### PROVIDED DATA

•••

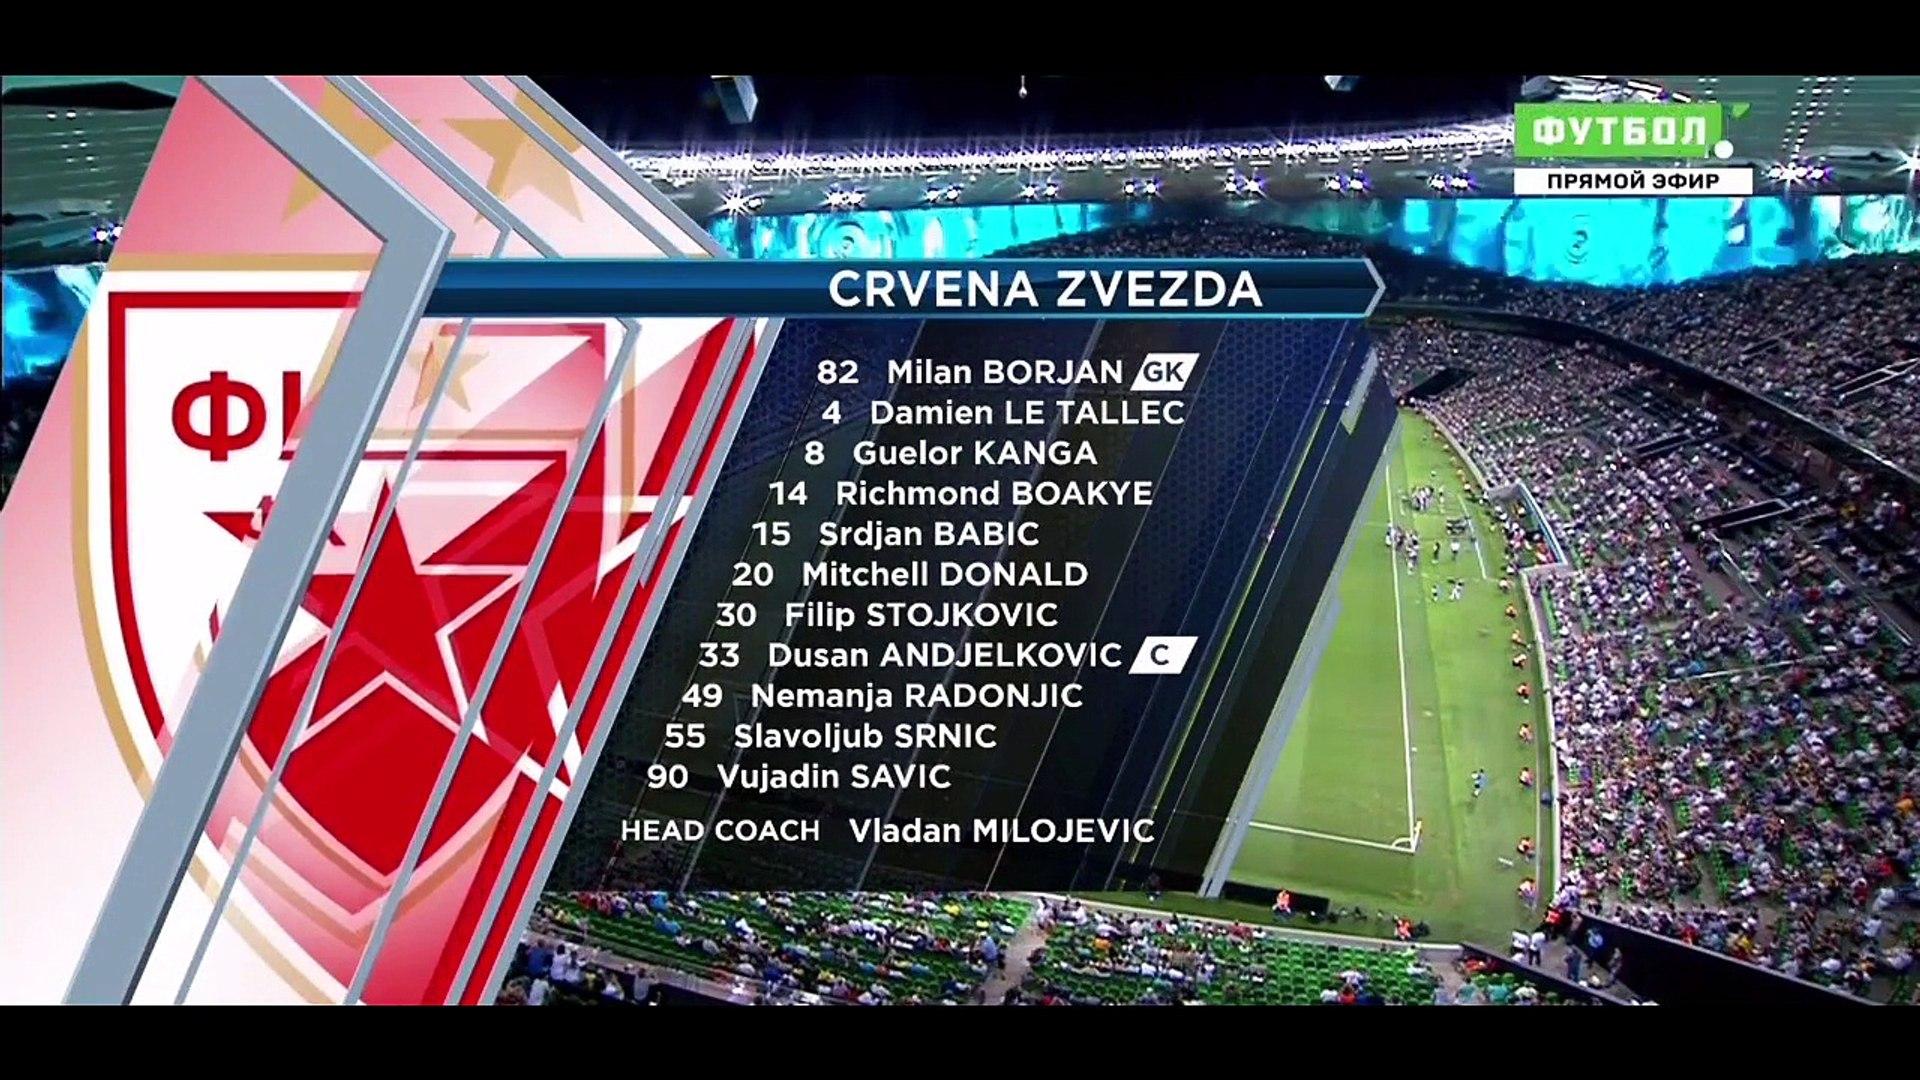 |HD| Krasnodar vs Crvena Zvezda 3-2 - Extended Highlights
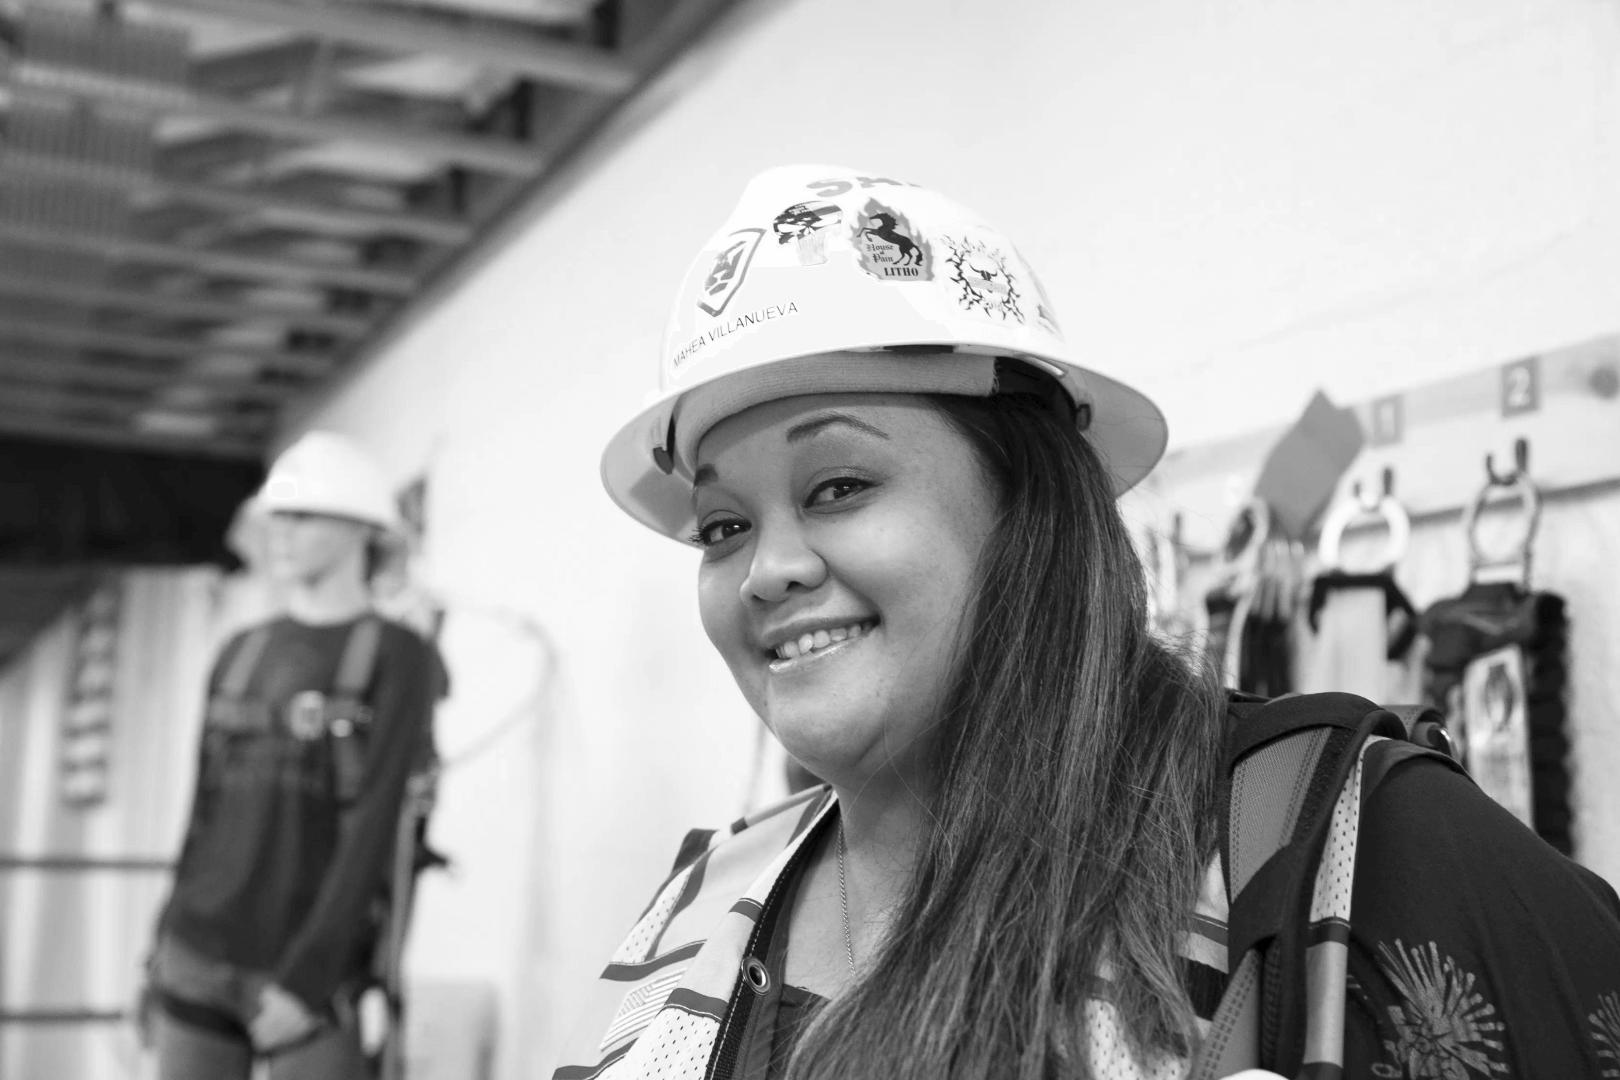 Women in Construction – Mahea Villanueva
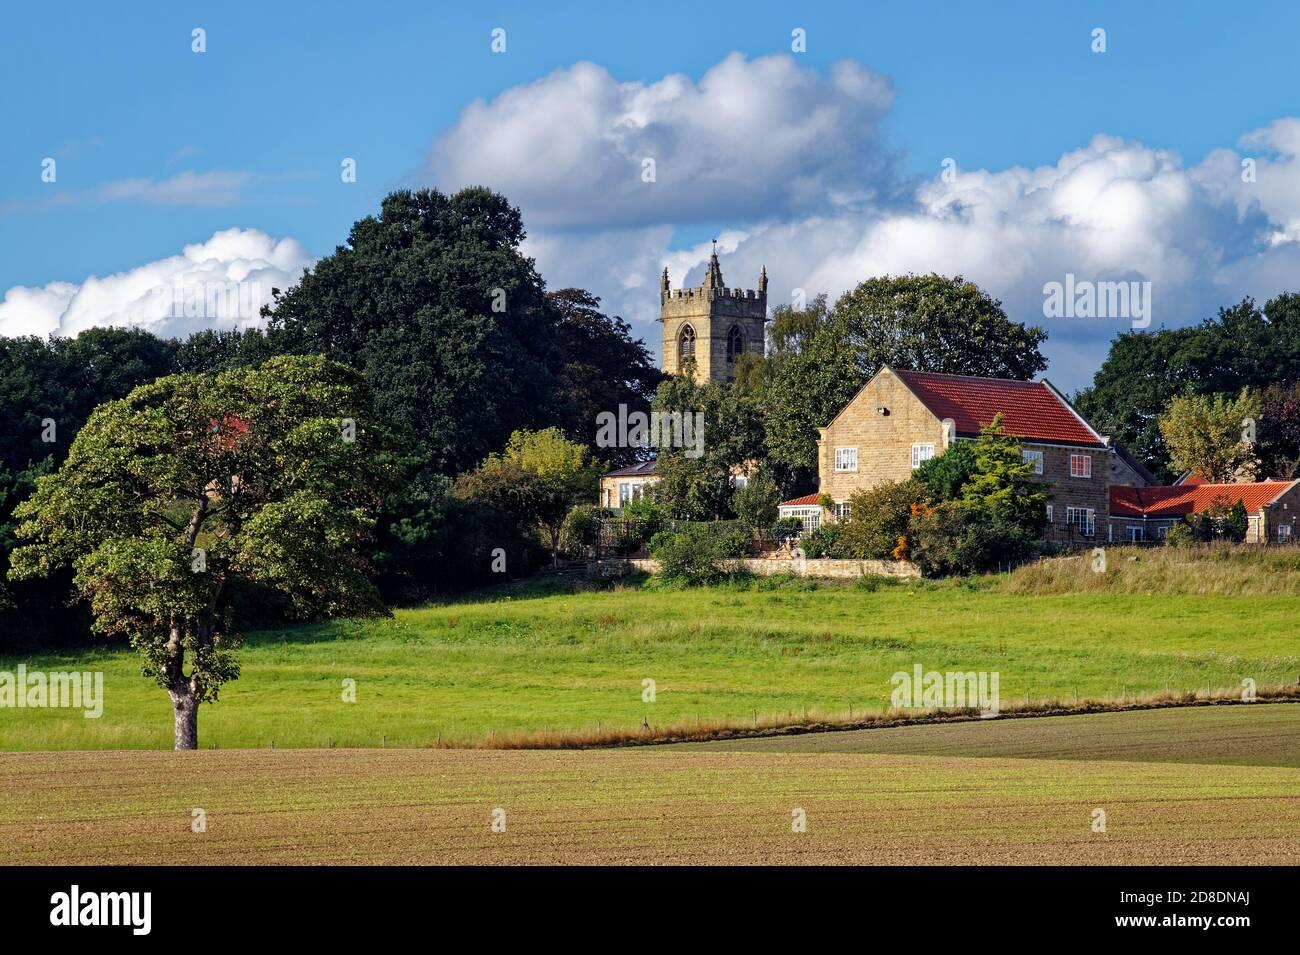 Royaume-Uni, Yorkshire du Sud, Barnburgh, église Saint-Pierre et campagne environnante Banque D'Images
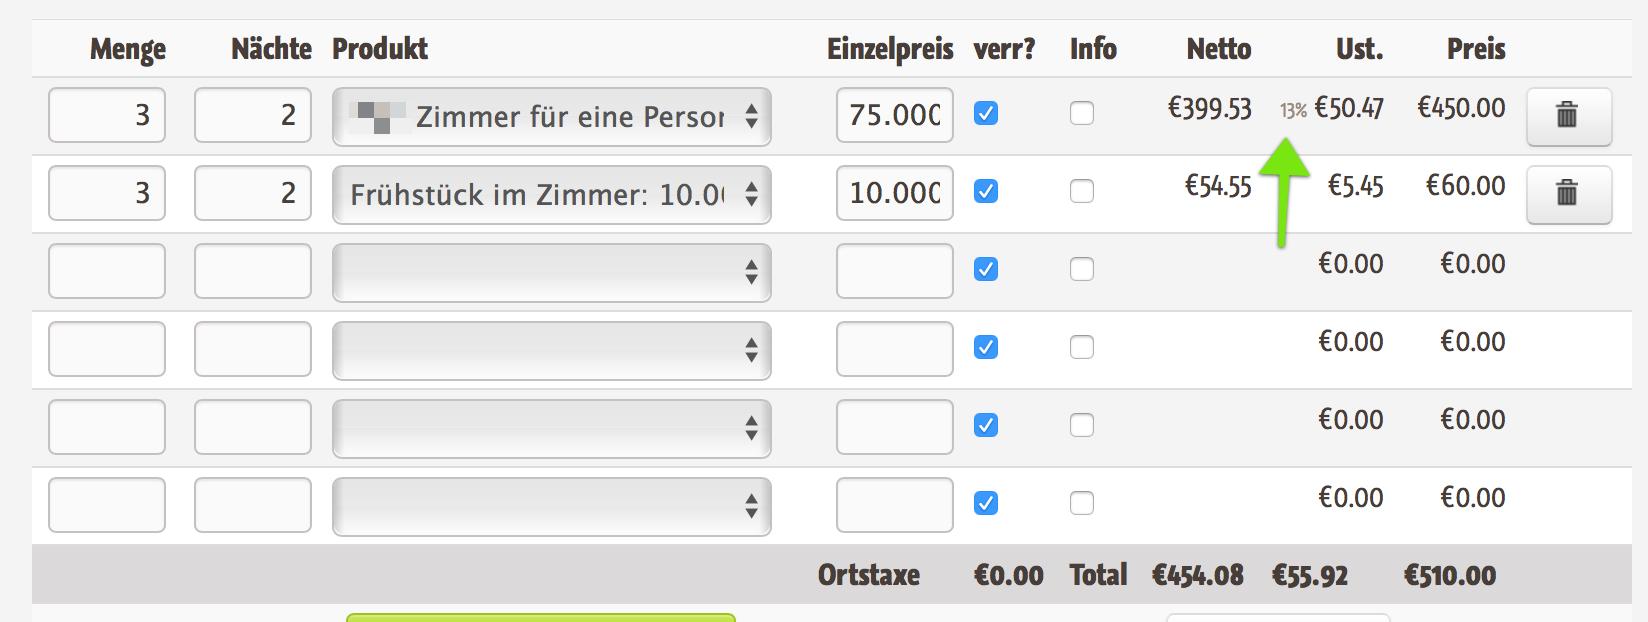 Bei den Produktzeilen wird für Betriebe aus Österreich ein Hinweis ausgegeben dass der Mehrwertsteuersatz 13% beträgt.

•••

### TASK BRIEF
Reproduce verbatim the lines of the material above, beginning with its first line and ending with the line that contains "Royaume-Uni, Yorkshire du"; skip pictures.

### EXERCISE OUTPUT
 |HD| Krasnodar vs Crvena Zvezda 3-2 - Extended Highlights
 Women in Construction – Mahea Villanueva
 Royaume-Uni, Yorkshire du Sud, Barnburgh, église Saint-Pierre et campagne environnante Banque D'Images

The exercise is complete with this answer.